■ **WHAT TO WORK ON**: Transcribe the listing exactly, skipping every picture.

■ **AVAILABLE DATA**:
◆ ◆ ◆ ◆ ◆ ◆ ◆
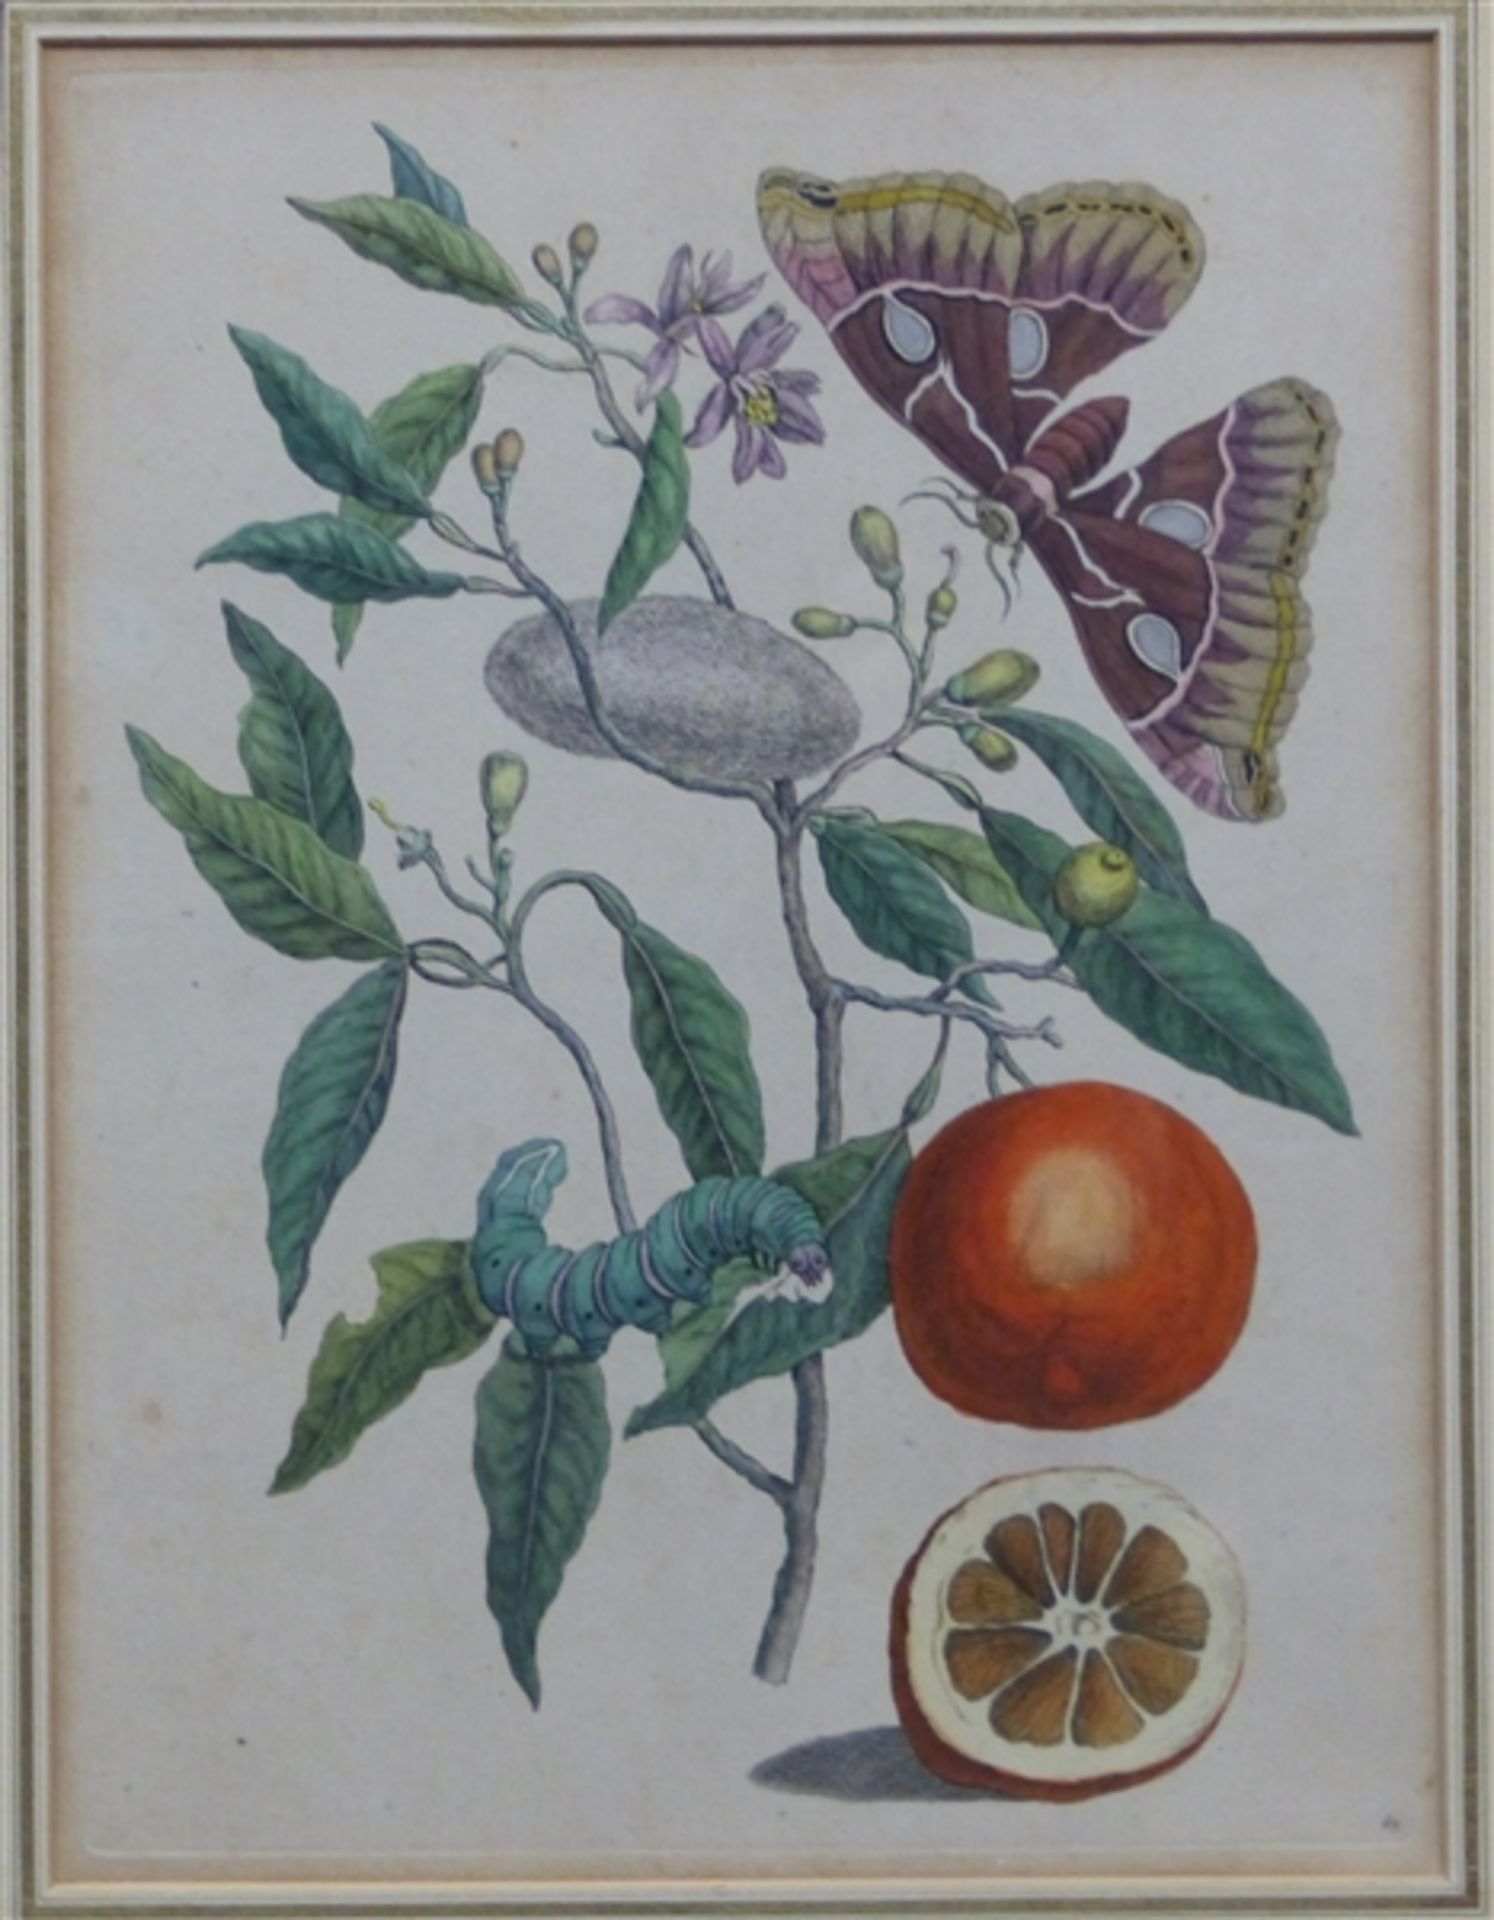 Radierung, 19. Jh. coloriert, "Blätter, Obst und Insekten", 39x32 cm, im Rahmen,
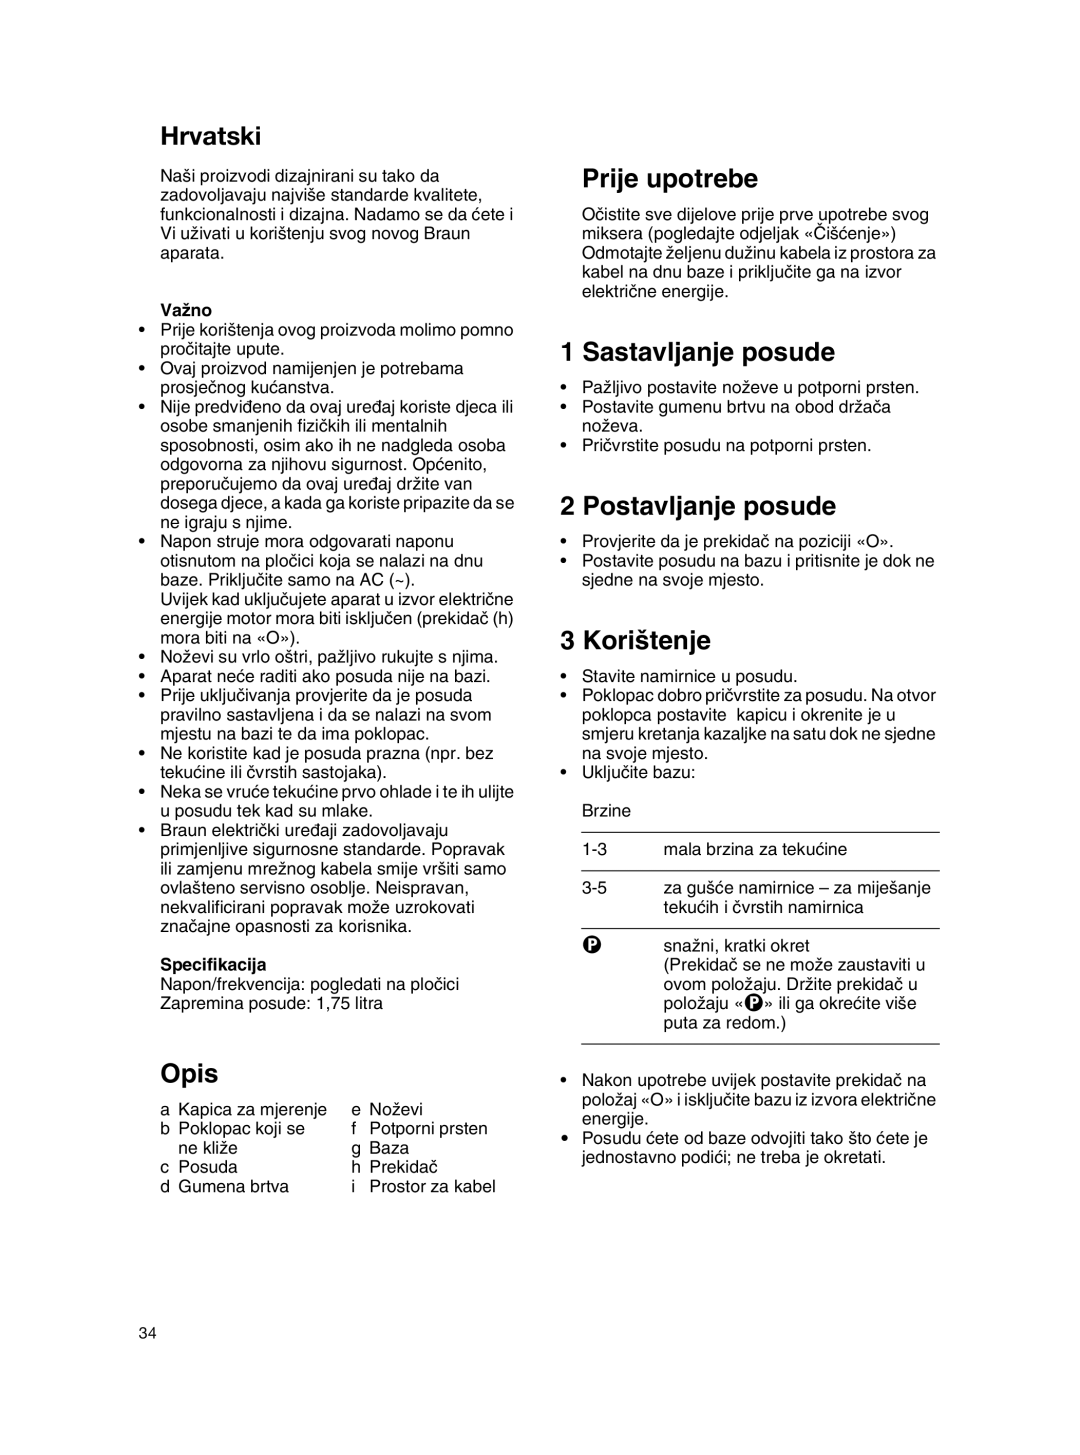 Braun MX 2050 BLACK manual Hrvatski, Opis, Prije upotrebe, Sastavljanje posude, Postavljanje posude, Kori‰tenje, VaÏno 
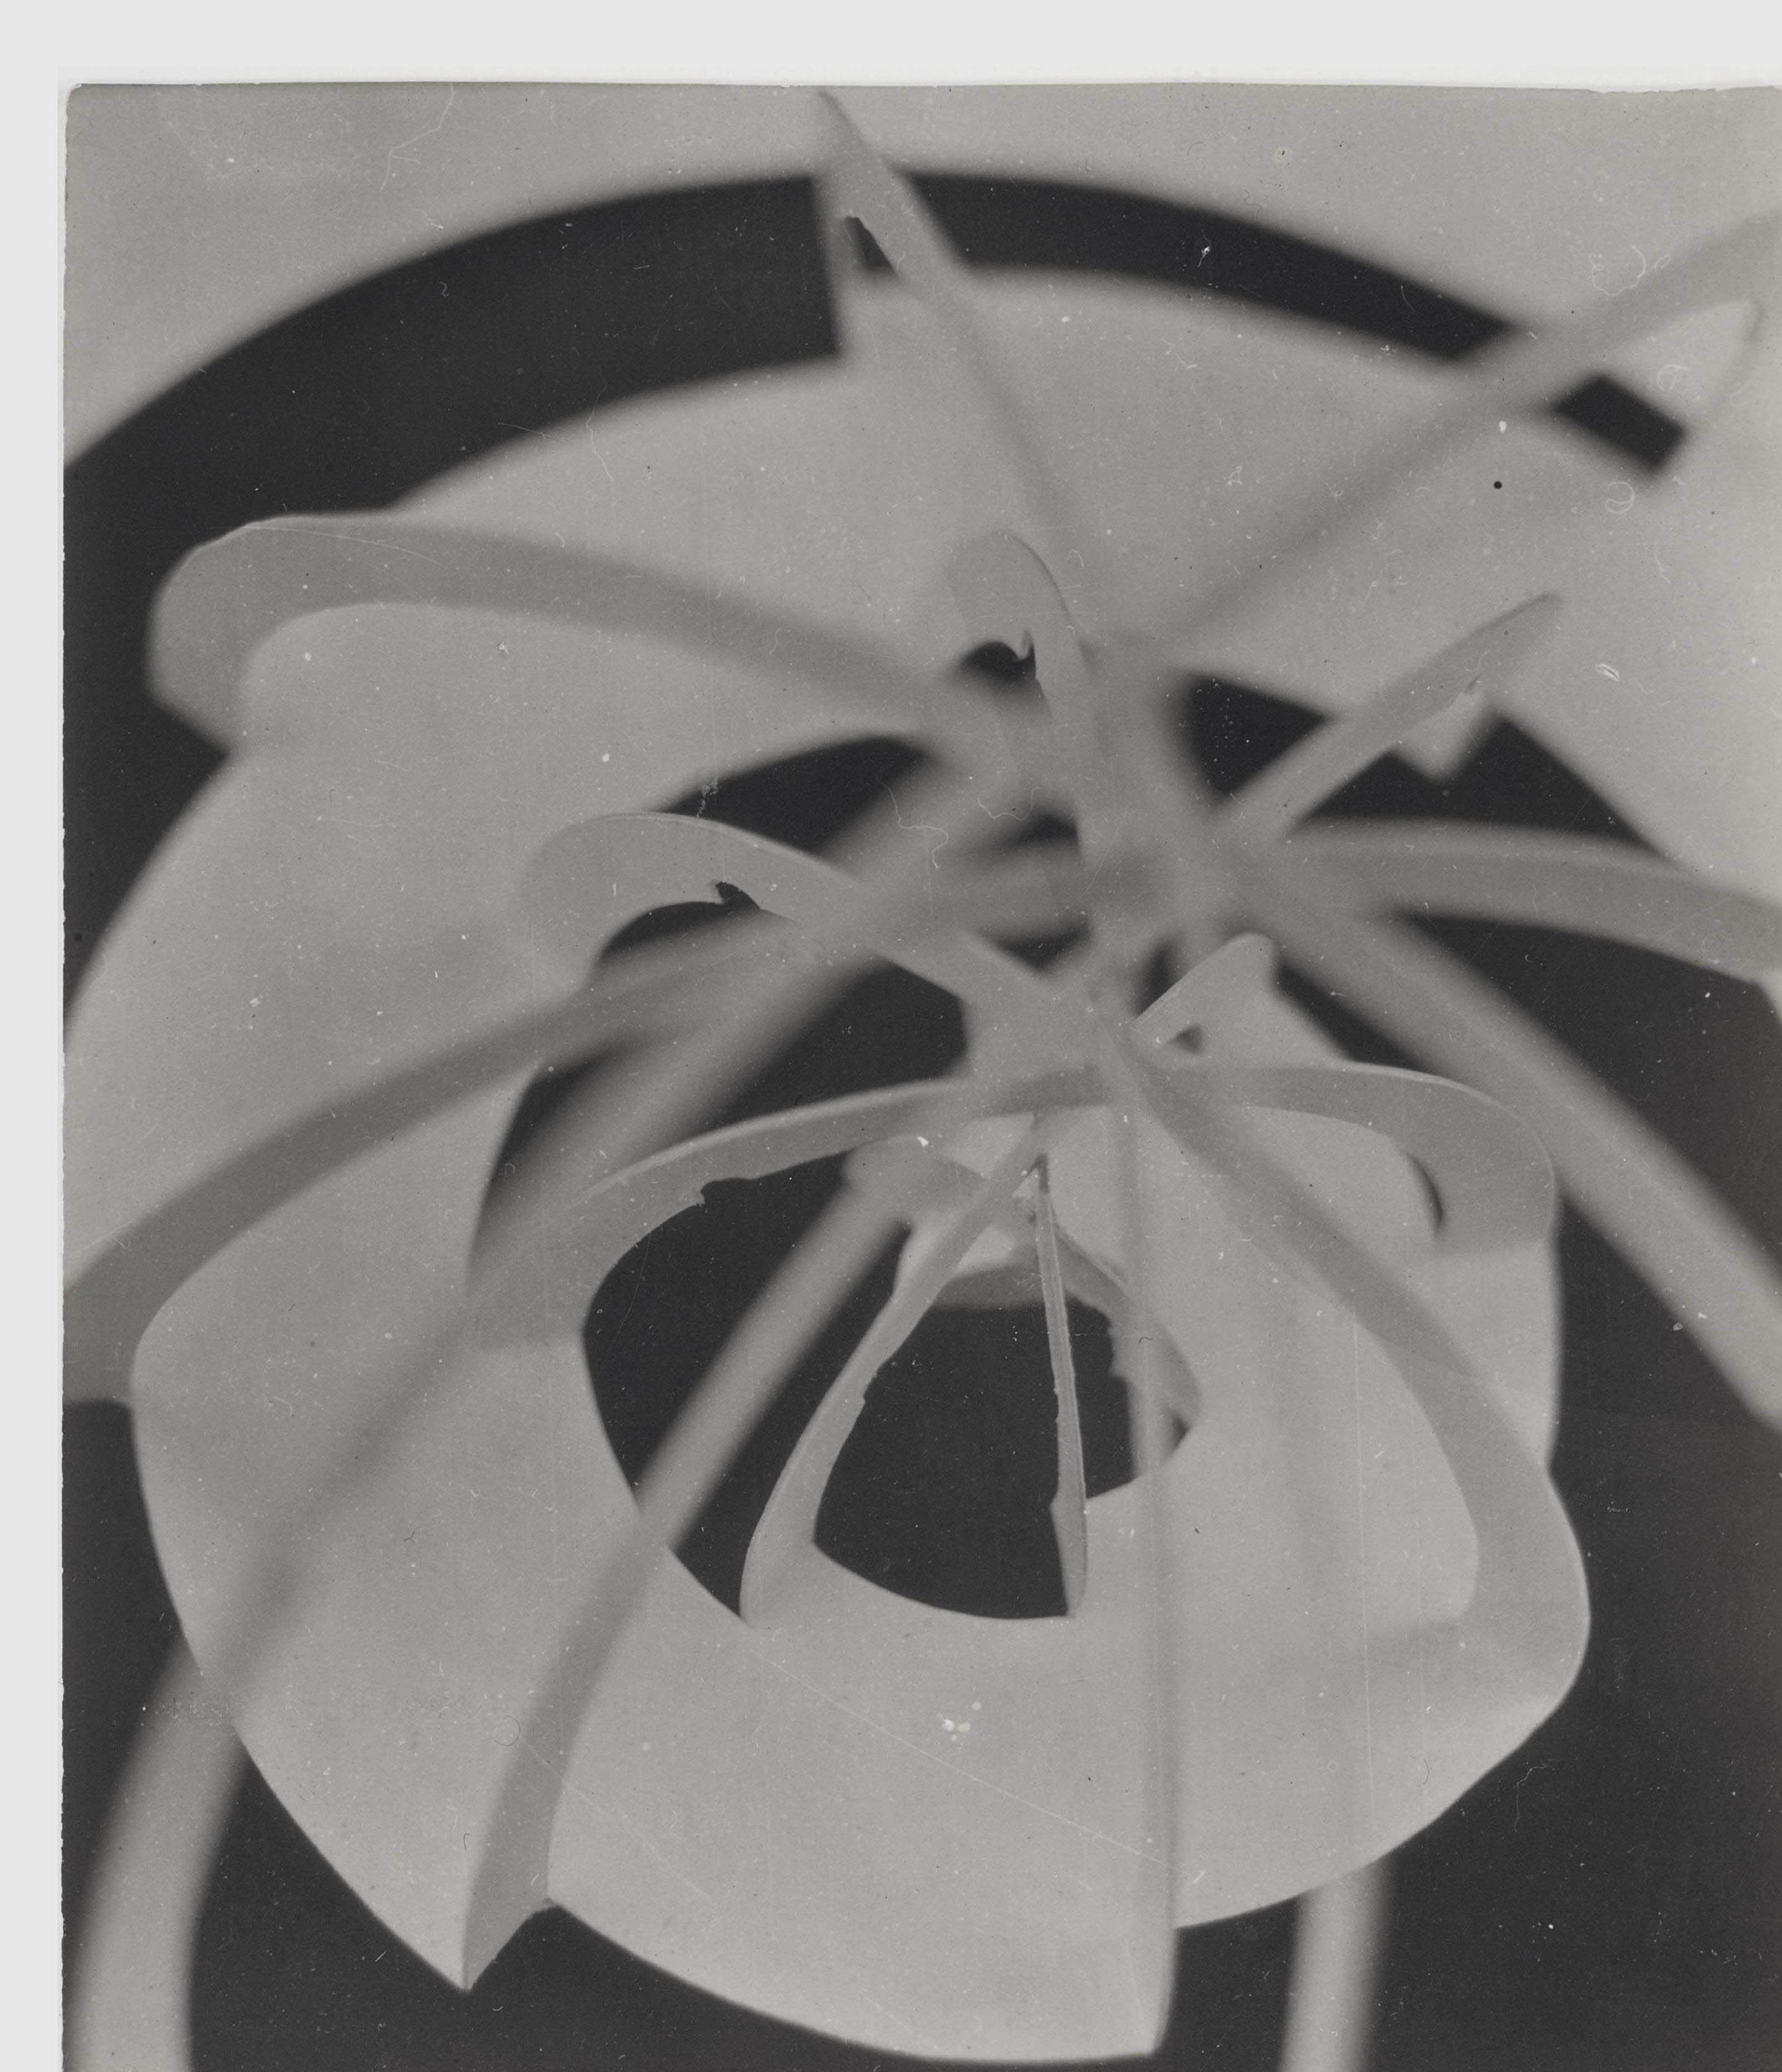 Papierübung Sharon, Bauhaus, Dessau, 1926
◆ ◆ ◆ ◆ ◆ ◆ ◆
■ **SOLUTION BELOW**:
 Radierung, 19. Jh. coloriert, "Blätter, Obst und Insekten", 39x32 cm, im Rahmen,
 Braun MX 2050 BLACK manual Hrvatski, Opis, Prije upotrebe, Sastavljanje posude, Postavljanje posude, Kori‰tenje, VaÏno 
 Papierübung Sharon, Bauhaus, Dessau, 1926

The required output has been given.